Dataset excerpts
__________________________________________________

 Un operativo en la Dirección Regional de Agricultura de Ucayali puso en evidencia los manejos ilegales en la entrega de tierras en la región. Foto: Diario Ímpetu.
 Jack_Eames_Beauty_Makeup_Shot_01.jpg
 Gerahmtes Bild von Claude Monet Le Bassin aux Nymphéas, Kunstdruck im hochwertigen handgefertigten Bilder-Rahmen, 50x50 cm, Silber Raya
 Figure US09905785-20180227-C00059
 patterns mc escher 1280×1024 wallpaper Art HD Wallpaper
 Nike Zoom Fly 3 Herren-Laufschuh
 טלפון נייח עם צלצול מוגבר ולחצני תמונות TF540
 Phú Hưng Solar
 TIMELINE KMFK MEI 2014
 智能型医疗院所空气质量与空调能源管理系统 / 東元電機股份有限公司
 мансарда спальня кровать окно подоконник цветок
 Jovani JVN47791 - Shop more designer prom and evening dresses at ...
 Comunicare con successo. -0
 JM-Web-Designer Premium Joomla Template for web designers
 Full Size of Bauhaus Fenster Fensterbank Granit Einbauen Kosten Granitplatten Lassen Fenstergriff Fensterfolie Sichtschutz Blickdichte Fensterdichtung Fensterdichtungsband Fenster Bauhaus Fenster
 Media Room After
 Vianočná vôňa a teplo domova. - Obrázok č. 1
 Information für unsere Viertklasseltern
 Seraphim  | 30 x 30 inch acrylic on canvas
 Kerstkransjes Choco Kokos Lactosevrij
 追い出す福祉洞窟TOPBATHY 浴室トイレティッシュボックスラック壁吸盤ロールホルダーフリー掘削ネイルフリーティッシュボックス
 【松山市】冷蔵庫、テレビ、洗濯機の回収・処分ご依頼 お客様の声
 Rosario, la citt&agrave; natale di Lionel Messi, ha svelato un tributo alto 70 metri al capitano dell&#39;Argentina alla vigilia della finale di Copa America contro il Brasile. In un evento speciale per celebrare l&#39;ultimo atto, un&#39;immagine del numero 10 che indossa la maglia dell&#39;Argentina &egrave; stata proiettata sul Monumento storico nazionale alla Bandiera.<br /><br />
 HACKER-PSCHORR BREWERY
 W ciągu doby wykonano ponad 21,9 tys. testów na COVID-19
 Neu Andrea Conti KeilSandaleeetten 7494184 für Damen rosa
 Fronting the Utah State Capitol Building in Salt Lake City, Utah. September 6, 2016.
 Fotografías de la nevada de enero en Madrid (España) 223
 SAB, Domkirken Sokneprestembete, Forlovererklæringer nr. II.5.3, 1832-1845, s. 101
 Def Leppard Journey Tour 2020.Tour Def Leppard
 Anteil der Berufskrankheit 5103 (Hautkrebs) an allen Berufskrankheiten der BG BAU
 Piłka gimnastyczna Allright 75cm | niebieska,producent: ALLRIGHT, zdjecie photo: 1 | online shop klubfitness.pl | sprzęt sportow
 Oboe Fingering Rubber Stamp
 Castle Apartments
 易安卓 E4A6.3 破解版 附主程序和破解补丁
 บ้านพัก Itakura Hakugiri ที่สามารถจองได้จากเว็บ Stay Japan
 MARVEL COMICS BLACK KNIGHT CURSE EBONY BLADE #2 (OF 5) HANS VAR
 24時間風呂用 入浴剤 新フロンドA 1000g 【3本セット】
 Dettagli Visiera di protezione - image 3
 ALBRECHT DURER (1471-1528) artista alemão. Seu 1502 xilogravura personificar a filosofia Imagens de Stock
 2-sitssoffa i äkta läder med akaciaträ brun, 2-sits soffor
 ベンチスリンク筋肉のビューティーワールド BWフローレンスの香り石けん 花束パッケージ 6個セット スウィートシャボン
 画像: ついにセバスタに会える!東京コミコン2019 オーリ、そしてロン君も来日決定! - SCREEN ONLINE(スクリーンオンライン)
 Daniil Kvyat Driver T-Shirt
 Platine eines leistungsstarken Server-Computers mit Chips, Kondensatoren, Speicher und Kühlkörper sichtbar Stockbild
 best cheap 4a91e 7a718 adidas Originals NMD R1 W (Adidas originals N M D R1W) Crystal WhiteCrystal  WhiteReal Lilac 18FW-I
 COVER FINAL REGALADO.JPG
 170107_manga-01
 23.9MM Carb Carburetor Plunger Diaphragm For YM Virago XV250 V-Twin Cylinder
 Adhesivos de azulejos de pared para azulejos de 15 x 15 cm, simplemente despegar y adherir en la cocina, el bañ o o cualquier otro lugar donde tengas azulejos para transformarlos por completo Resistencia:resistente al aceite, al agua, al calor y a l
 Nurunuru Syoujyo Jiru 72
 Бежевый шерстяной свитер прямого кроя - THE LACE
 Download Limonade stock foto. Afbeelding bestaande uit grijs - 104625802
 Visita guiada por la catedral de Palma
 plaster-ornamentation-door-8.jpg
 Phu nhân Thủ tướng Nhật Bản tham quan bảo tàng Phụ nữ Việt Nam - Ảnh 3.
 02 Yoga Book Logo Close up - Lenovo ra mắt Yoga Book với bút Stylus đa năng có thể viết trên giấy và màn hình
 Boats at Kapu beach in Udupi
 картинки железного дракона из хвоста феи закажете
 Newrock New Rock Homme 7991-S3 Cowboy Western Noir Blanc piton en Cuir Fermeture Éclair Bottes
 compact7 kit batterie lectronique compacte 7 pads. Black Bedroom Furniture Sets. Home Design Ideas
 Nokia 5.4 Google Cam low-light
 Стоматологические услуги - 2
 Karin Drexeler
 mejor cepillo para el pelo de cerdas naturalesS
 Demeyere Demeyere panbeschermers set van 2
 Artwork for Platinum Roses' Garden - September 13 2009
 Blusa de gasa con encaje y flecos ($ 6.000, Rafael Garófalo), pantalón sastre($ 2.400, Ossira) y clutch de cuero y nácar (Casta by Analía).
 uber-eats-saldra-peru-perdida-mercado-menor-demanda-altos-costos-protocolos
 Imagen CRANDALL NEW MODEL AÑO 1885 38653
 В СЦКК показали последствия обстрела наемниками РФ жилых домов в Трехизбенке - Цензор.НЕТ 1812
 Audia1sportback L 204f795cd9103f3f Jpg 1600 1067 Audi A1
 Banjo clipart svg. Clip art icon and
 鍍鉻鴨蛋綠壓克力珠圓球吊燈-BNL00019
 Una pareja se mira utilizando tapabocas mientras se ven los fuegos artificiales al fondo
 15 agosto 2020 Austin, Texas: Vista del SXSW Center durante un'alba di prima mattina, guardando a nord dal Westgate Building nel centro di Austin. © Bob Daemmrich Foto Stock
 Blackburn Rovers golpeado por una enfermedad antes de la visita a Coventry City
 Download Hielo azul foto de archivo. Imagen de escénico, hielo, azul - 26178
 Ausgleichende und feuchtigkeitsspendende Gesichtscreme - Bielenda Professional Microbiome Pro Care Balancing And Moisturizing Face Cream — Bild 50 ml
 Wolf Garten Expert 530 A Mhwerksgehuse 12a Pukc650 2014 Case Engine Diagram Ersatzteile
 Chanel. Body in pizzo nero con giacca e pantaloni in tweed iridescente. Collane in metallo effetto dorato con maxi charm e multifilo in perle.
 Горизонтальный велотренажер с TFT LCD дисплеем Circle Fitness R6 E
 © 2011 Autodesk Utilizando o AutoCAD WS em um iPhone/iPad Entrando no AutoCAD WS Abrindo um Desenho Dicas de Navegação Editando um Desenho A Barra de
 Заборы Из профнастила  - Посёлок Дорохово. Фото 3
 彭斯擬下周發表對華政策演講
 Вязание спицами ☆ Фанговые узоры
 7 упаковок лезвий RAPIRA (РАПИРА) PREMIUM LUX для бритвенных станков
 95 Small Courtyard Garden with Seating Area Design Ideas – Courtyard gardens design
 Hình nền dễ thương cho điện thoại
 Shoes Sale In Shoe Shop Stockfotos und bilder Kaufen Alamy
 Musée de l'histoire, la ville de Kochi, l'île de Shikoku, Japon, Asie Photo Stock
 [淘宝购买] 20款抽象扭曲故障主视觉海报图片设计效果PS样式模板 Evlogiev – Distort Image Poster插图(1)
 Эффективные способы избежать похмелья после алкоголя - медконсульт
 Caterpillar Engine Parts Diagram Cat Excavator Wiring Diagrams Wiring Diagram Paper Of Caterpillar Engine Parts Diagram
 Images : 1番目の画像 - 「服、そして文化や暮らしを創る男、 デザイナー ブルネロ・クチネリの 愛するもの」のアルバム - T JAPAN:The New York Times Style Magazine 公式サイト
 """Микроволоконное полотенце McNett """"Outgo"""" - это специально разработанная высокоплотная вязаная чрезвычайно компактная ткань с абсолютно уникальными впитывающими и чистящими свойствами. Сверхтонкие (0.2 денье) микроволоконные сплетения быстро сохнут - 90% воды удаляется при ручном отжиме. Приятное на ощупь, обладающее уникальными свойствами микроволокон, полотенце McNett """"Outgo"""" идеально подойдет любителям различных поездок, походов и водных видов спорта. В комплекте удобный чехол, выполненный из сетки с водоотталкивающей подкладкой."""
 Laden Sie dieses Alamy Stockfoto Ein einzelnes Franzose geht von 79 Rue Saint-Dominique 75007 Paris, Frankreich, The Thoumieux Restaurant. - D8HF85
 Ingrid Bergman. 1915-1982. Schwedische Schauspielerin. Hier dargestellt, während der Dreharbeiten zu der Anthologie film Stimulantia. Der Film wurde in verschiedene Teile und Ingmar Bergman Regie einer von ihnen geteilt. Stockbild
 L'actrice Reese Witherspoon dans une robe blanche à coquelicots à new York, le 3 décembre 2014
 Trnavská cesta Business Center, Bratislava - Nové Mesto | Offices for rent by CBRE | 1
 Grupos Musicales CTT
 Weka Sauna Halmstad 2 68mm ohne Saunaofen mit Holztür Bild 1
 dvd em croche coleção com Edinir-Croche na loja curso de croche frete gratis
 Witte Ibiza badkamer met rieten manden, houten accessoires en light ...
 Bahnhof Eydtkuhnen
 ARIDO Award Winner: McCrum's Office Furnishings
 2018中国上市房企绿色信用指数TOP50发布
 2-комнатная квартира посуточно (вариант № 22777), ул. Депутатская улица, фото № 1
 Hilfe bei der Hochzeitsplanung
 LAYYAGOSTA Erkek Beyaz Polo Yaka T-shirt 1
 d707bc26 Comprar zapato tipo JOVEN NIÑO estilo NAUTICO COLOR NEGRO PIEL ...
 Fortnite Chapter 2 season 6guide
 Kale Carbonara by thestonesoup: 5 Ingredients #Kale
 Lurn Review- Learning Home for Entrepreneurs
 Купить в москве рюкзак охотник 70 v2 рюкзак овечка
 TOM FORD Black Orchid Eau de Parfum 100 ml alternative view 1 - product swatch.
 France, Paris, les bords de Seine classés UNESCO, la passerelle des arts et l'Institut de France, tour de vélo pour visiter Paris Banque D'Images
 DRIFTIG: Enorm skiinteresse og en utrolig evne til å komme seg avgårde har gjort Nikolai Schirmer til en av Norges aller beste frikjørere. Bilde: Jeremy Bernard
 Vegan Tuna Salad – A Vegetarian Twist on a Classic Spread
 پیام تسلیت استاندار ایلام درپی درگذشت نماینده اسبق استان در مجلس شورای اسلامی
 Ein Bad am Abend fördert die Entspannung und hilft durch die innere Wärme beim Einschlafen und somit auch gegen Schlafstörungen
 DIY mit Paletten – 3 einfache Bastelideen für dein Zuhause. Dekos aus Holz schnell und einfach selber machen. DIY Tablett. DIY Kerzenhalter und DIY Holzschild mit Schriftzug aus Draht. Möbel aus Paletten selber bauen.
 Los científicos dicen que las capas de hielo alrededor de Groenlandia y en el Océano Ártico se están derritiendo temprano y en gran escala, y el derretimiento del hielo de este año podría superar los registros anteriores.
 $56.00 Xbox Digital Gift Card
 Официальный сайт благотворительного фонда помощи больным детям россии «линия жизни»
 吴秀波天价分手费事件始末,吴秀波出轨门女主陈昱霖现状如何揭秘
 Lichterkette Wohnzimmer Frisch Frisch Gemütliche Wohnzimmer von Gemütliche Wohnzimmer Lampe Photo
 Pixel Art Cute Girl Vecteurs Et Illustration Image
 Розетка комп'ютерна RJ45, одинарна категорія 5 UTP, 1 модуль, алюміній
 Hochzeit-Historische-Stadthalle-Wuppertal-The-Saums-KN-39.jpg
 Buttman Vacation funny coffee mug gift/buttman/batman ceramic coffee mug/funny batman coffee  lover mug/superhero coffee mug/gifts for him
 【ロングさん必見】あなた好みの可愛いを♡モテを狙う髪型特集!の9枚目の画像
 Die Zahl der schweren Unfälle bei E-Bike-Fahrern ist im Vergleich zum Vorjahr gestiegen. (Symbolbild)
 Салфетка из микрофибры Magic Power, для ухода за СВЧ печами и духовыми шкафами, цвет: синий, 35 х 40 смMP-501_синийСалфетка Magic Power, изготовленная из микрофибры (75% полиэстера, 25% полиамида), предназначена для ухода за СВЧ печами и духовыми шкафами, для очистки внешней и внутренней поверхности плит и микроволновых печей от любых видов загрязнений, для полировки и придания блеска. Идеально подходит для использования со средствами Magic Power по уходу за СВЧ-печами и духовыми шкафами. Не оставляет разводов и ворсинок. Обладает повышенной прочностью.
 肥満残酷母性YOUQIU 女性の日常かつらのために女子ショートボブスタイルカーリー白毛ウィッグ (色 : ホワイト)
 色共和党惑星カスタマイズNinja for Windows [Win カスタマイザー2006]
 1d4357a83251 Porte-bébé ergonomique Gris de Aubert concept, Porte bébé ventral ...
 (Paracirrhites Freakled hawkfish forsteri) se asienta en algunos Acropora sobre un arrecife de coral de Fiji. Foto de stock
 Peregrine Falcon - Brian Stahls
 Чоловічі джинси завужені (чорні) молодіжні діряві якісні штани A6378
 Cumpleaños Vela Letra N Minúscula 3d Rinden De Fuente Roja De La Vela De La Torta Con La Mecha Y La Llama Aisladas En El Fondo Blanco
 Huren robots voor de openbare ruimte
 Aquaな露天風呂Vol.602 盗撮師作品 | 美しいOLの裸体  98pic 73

__________________________________________________

WHAT THIS TASK INVOLVES
Only those lines of the entries above that run from the line containing "Бежевый шерстяной свитер" to the line containing "Горизонтальный велотренажер с", both included, should be transcribed exactly.

TASK RESPONSE
 Бежевый шерстяной свитер прямого кроя - THE LACE
 Download Limonade stock foto. Afbeelding bestaande uit grijs - 104625802
 Visita guiada por la catedral de Palma
 plaster-ornamentation-door-8.jpg
 Phu nhân Thủ tướng Nhật Bản tham quan bảo tàng Phụ nữ Việt Nam - Ảnh 3.
 02 Yoga Book Logo Close up - Lenovo ra mắt Yoga Book với bút Stylus đa năng có thể viết trên giấy và màn hình
 Boats at Kapu beach in Udupi
 картинки железного дракона из хвоста феи закажете
 Newrock New Rock Homme 7991-S3 Cowboy Western Noir Blanc piton en Cuir Fermeture Éclair Bottes
 compact7 kit batterie lectronique compacte 7 pads. Black Bedroom Furniture Sets. Home Design Ideas
 Nokia 5.4 Google Cam low-light
 Стоматологические услуги - 2
 Karin Drexeler
 mejor cepillo para el pelo de cerdas naturalesS
 Demeyere Demeyere panbeschermers set van 2
 Artwork for Platinum Roses' Garden - September 13 2009
 Blusa de gasa con encaje y flecos ($ 6.000, Rafael Garófalo), pantalón sastre($ 2.400, Ossira) y clutch de cuero y nácar (Casta by Analía).
 uber-eats-saldra-peru-perdida-mercado-menor-demanda-altos-costos-protocolos
 Imagen CRANDALL NEW MODEL AÑO 1885 38653
 В СЦКК показали последствия обстрела наемниками РФ жилых домов в Трехизбенке - Цензор.НЕТ 1812
 Audia1sportback L 204f795cd9103f3f Jpg 1600 1067 Audi A1
 Banjo clipart svg. Clip art icon and
 鍍鉻鴨蛋綠壓克力珠圓球吊燈-BNL00019
 Una pareja se mira utilizando tapabocas mientras se ven los fuegos artificiales al fondo
 15 agosto 2020 Austin, Texas: Vista del SXSW Center durante un'alba di prima mattina, guardando a nord dal Westgate Building nel centro di Austin. © Bob Daemmrich Foto Stock
 Blackburn Rovers golpeado por una enfermedad antes de la visita a Coventry City
 Download Hielo azul foto de archivo. Imagen de escénico, hielo, azul - 26178
 Ausgleichende und feuchtigkeitsspendende Gesichtscreme - Bielenda Professional Microbiome Pro Care Balancing And Moisturizing Face Cream — Bild 50 ml
 Wolf Garten Expert 530 A Mhwerksgehuse 12a Pukc650 2014 Case Engine Diagram Ersatzteile
 Chanel. Body in pizzo nero con giacca e pantaloni in tweed iridescente. Collane in metallo effetto dorato con maxi charm e multifilo in perle.
 Горизонтальный велотренажер с TFT LCD дисплеем Circle Fitness R6 E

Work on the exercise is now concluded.